The Bitcoin protocol limits the rate at which the difficulty can decrease to no less than 1/4th of the prior period's difficulty per adjustment period. Specifically, in the difficulty calculation the variable containing the actual time it took to generate 2016 blocks is capped at 4x the expected time.

// Limit adjustment step
int64_t nActualTimespan = pindexLast->GetBlockTime() - nFirstBlockTime;
if (nActualTimespan > params.nPowTargetTimespan*4)
    nActualTimespan = params.nPowTargetTimespan*4;

So why did Satoshi do this? What attack does this rate limiter prevent?

Suppose I want to trick you into accepting a chain that I've mined with less work than the valid chain with the most work in existence. If I can successfully sybil attack you, I can prevent you from learning about the most-work chain.

Let's suppose I start the sybil attack when you know of the existance of block n=(k*2016 - 1), which happens to be one block prior to the end of the difficulty adjustment period, and has timestamp t.

I now mine block n+1 with the largest timestamp you'll accept (your local clock plus 2hrs). Without the rate limiter, the amount that the difficulty would drop is limited only by the difference between time t and now - that may be very large if your node has been off for awhile, you're in initial sync, or I manage to get you to reset your chainstate (e.g. by social engineering, or with a chainstate corruption exploit). For example, if I manage to roll you back a year, the difficulty would drop to 1/26th of the last block you know about.
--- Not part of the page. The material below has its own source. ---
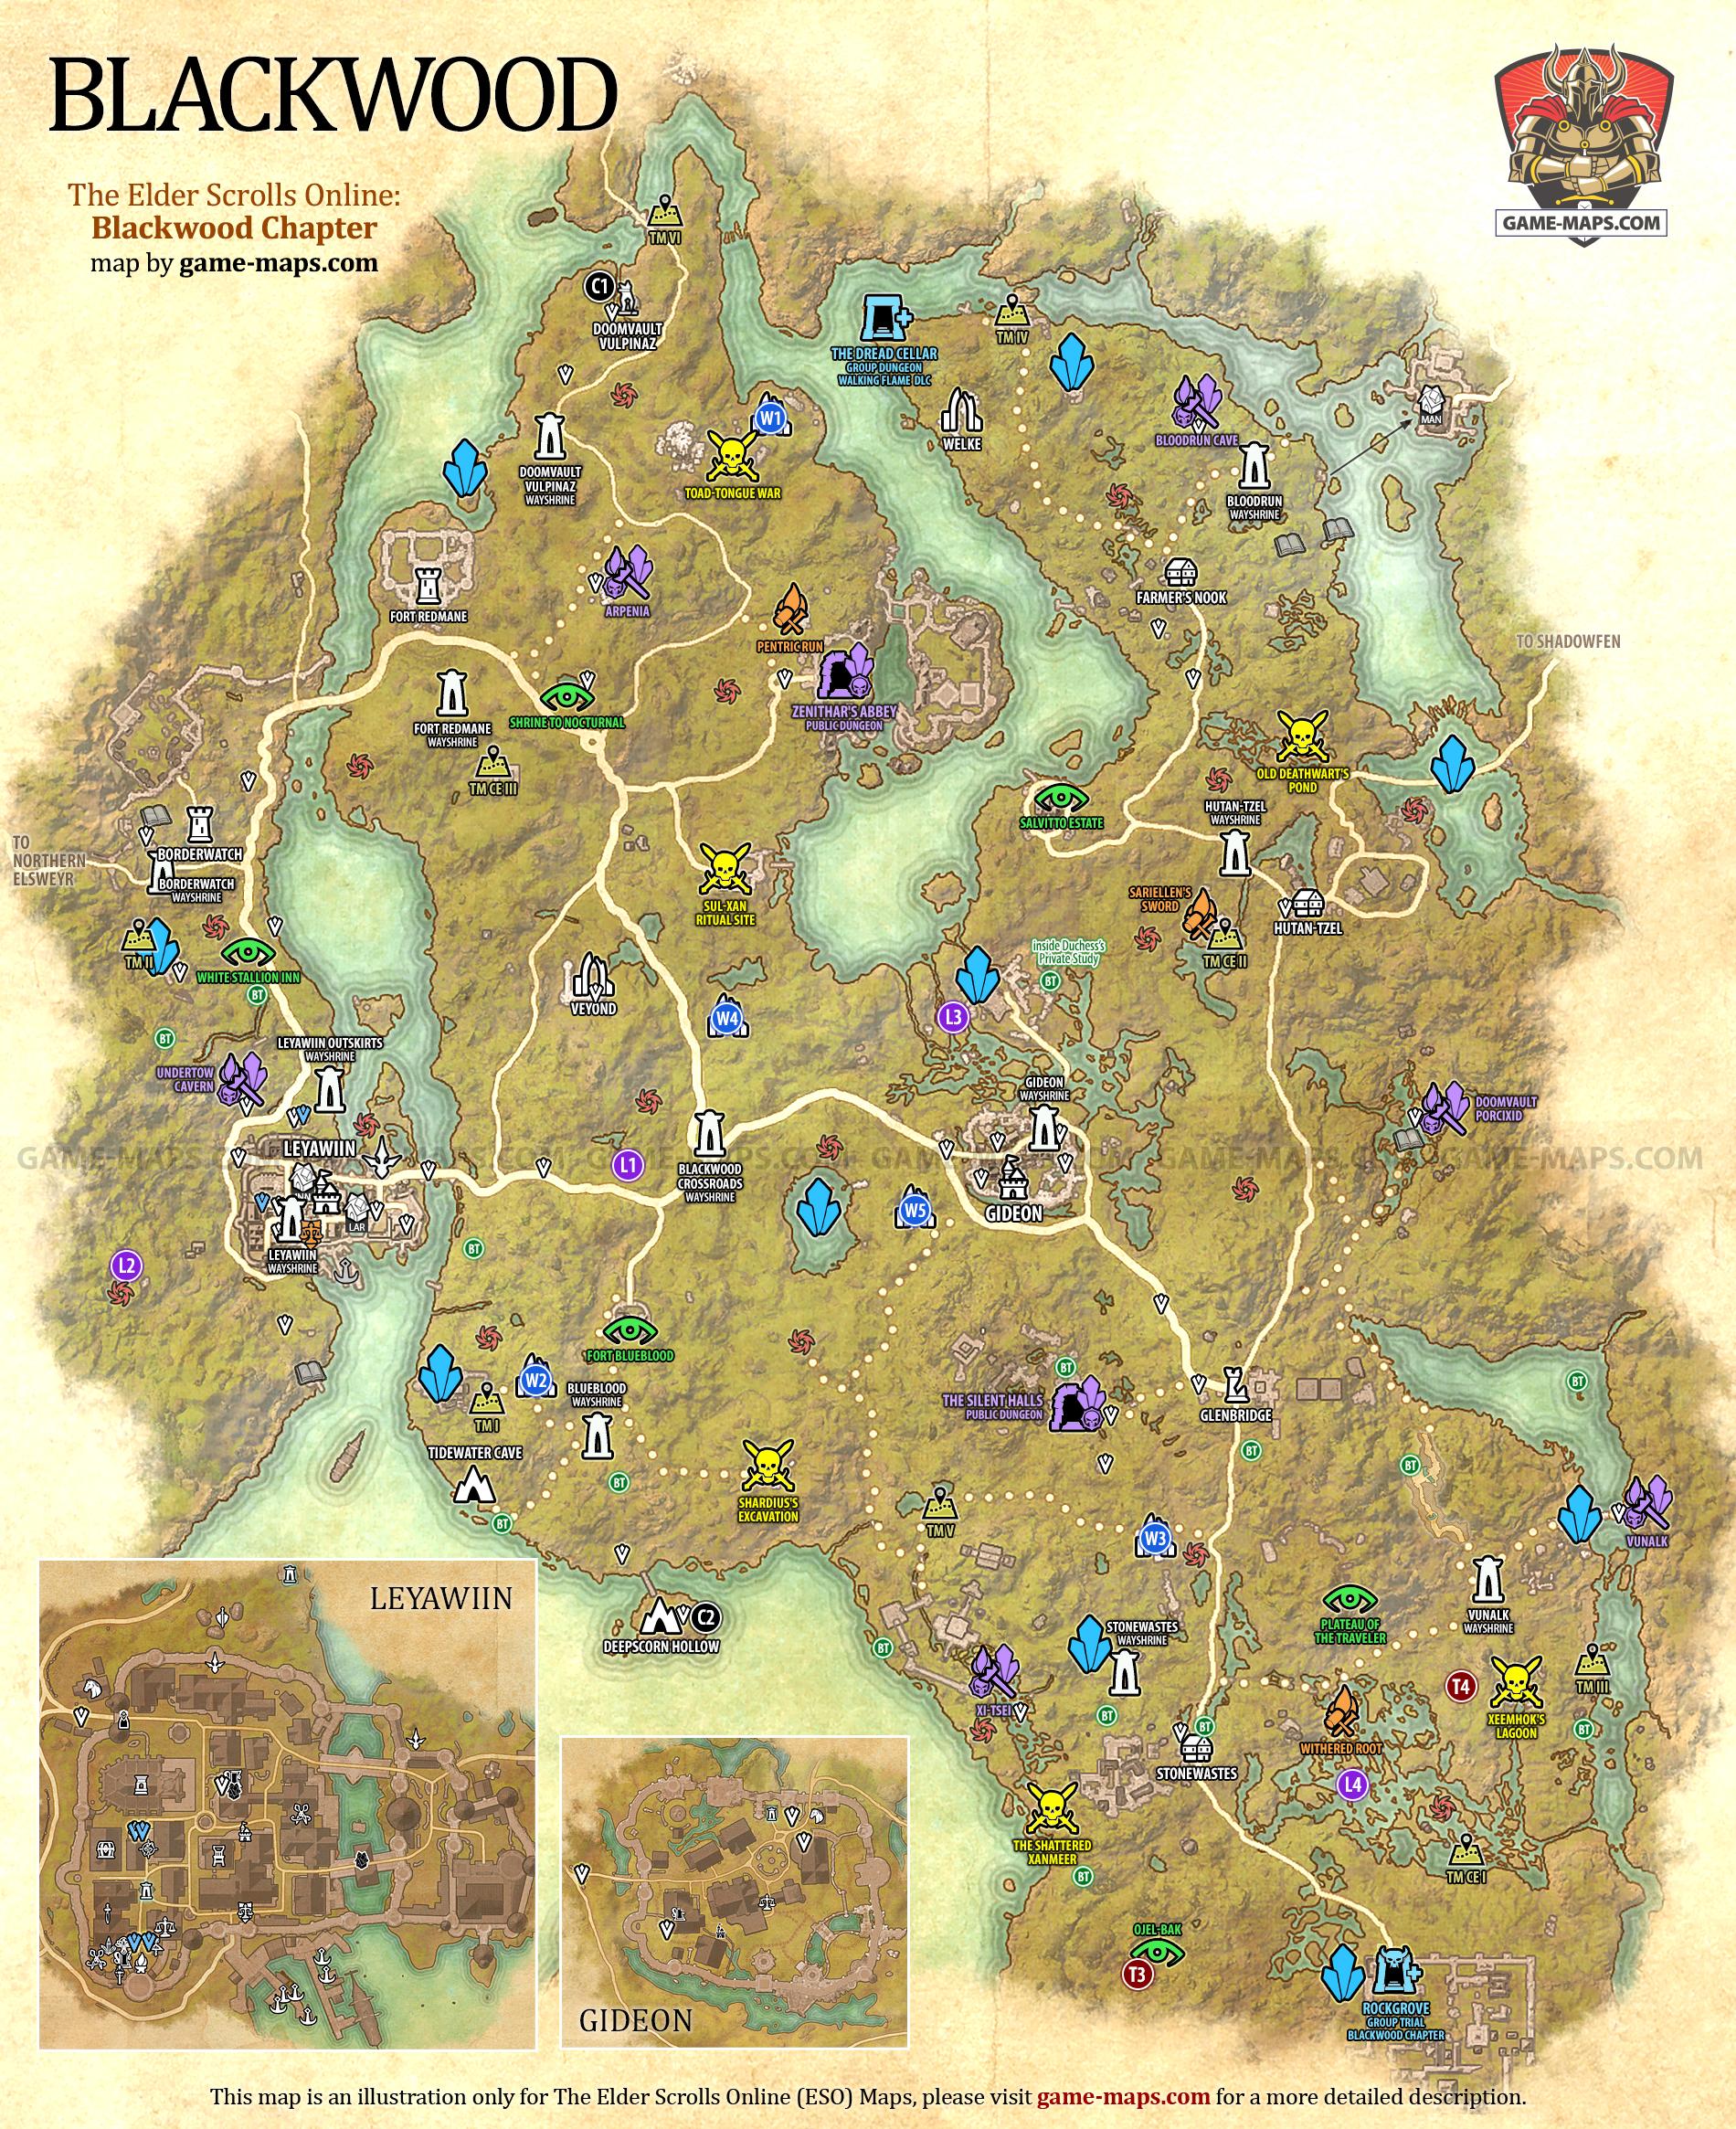 Blackwood Map for The Elder Scrolls Online: Blackwood Chapter, The Gates of Oblivion 2021 Adventure (ESO).

With the difficulty dropped, I can then mine blocks quite cheaply to make you think the transaction you're accepting has a significant number of confirmations.

By limiting the rate at which difficulty can drop we make this attack significantly more expensive: my cost-per-block is now only 1/4th of what it should be, a significant increase compared to the situation without the drop rate limit.

Synchrony/Latency

Of course, all consensus systems have a network synchrony assumption of some kind - if the participants can't communicate in a sufficiently timely manner it's impossible to come to consensus; the infinite latency case being an obvious example. But even if the system isn't functioning properly, we still want to limit what an attacker can do: in combination with PoW, the difficulty drop limit ensures that even if latency is infinite, attacks against participants are still expensive, turning a potentially disastrous double-spend attack into a much less harmful DoS attack.

PoW vs PoS

Finally, note how important PoW was here: PoW guarantees that this attack will be expensive, by virtue of the fact that the attacker has no way of avoiding the need to spend funds to destroy energy - or in the case of stolen hash power, give up the opportunity to mine blocks extending the most-work chain.

Meanwhile in a PoS system this attack can be done for free: even in a "slasher" style PoS system, since we've sybil attacked the target we can prevent the slasher mechanism from working. The proof of our fraud will never reach the outside world, and thus has no impact on the value of our staked coins.